- Also known as: The Out-Laws
- Genre: Black comedy Drama
- Created by: Malin-Sarah Gozin
- Written by: Malin-Sarah Gozin Bert Van Dael
- Directed by: Kaat Beels Nathalie Basteyns
- Starring: Barbara Sarafian Kristine Van Pellicom Ruth Becquart Maaike Neuville Inge Paulussen Dirk Roofthooft Geert Van Rampelberg Robbie Cleiren
- Opening theme: "Oh Little Darling" by Paul Severs
- Country of origin: Belgium
- Original language: Dutch
- No. of episodes: 10

Production
- Producers: Frank Van Passel Ivy Vanhaecke

Original release
- Network: VTM
- Release: September 3 – November 5, 2012

Related
- Bad Sisters

= Clan (TV series) =

Flemish television series

Clan (aired as The Out-Laws in the United Kingdom and Australia) is a Belgian miniseries created by Malin-Sarah Gozin and directed by Kaat Beels and Nathalie Basteyns. The show aired during fall of 2012 on the Belgian channel VTM, after six months of filming from August 2011 until January 2012. An Irish remake under the title Bad Sisters was released in 2022 on Apple TV+.

== Story ==

The early death of their parents caused five sisters to have a close relationship (a clan). Their relationship is torn apart after one of the sisters, Goedele, marries the despicable Jean-Claude (aptly called "De Kloot"—The Prick, “kloot” means “bollock”).

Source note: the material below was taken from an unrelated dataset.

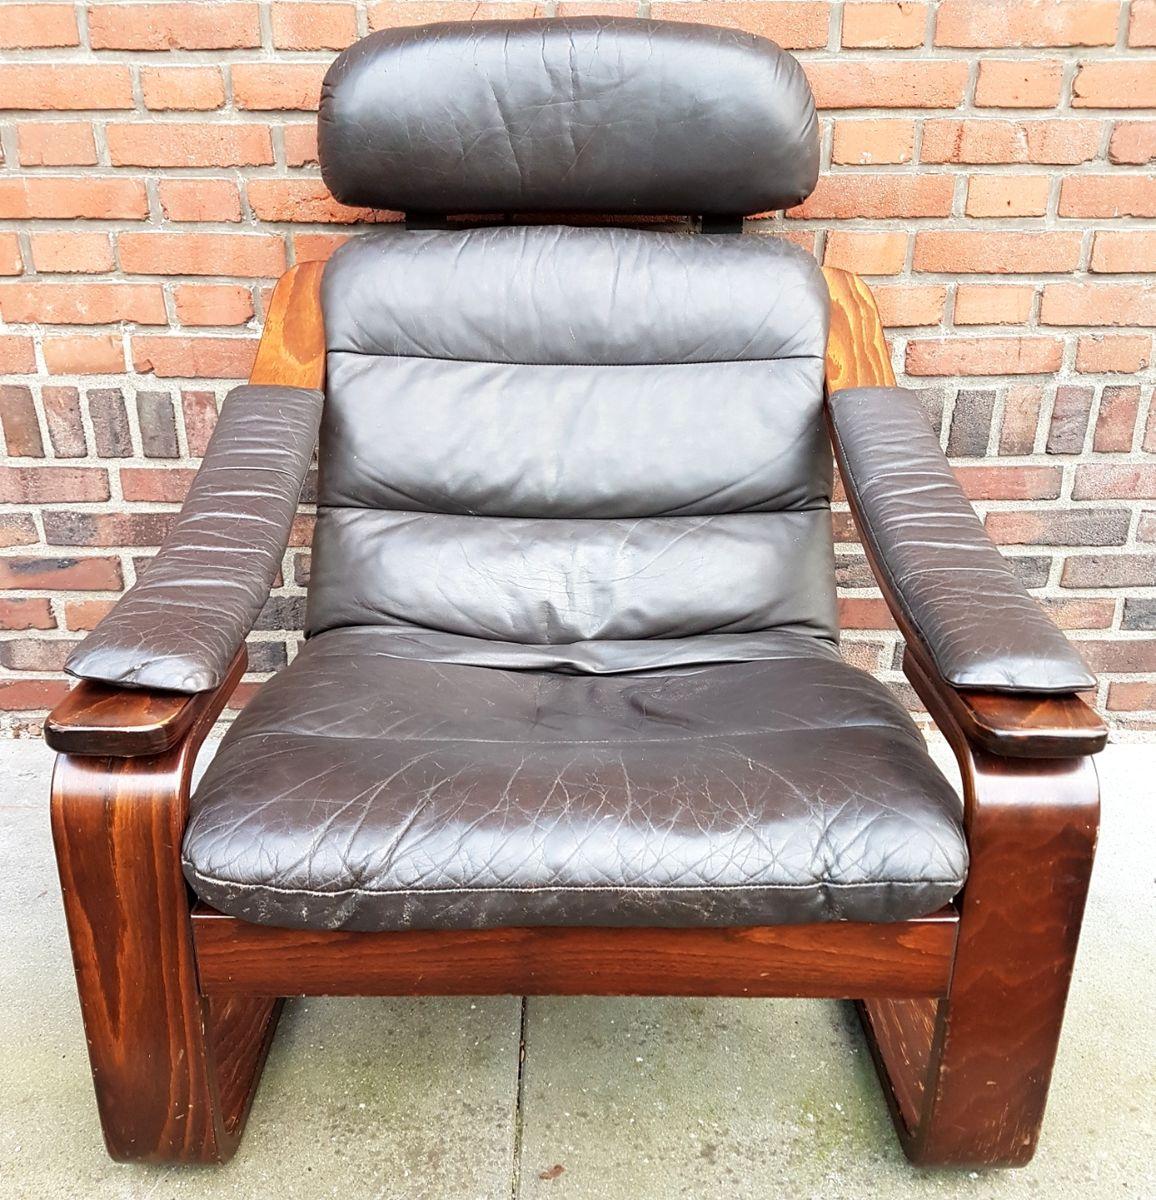 skandinavischer sessel aus bugholz 1978 bei pamono kaufen. Black Bedroom Furniture Sets. Home Design Ideas

Gradually, the four sisters see Goedele transform into a submissive housewife, living in the shadow of her loathsome husband. Each of the four sisters has a reason to detest "De Kloot". This eventually drives them to plotting his death, but their plans don't always work out the way they expected. Eventually, he dies but two insurance agents are convinced that his death wasn't an accident and are desperate to find out how he died.

Episode 1

The burial of "De Kloot" takes place in the first episode. The following episodes work with flashbacks and flashforwards, ranging between the end of October 2012 (the burial of "De Kloot") and the preceding months, unraveling the mystery of his death.

Episode 2

The first sisters to come up with a plan are Eva and Birgit. Veerle and Rebekka, the other two sisters, are excluded from their plot. "De Kloot" is planning to go to his chalet in the Ardennes alone, which they see an excellent opportunity to get rid of him. While he's in bed, they sneak in the chalet, cut the gas tank and light a candle. When they're waiting for the cabin to explode, they hear him talking on the phone outside. Just when they realise he went outside because of the lack of telephone signal inside, the empty chalet explodes.

Episode 3

After involving Veerle with their plans, Birgit comes up with the idea to poison the liver on the monthly Liver day, when "De Kloot" eats liver. Before he could even start his meal, the poisoned liver was devoured by his dog Oscar, which led to the dog's death.

Episode 4

Bekka, the youngest sister, joins the club and proposes death by electrocution. Before his weekly bath, Birgit sneaks into the house and opens the window ajar. Minutes later, when The Prick is in bath, Eva kicks a football against the window, causing it to slam open and drag the plugged-in radio that was standing in front of the window into the tub. The four cheer as the radio causes a local power failure, while all lights in the neighbourhood go out. Moments later, they realize that he had stepped out of the tub to kick the meowing cat out of the house, avoiding his electrocution. On top of that, an old man a few houses away fell from the stairs, because the lights had gone off.

Episode 5

Birgit, a former crossbow champion, comes up with a plan to shoot "De Kloot" during the family trip to a paintball area. After experimenting with a watermelon, the four realize that frozen paintballs are the equivalent of bullets. Veerle, who works as a nurse at the local hospital, knows that "De Kloot" has a scar on his head, under which there's no skull. The ideal bull's eye. After mixing up the wrong protection masks at the paintball area, she ends up aiming at the wrong guy and shooting a frozen paintball into the unfortunate man's eye.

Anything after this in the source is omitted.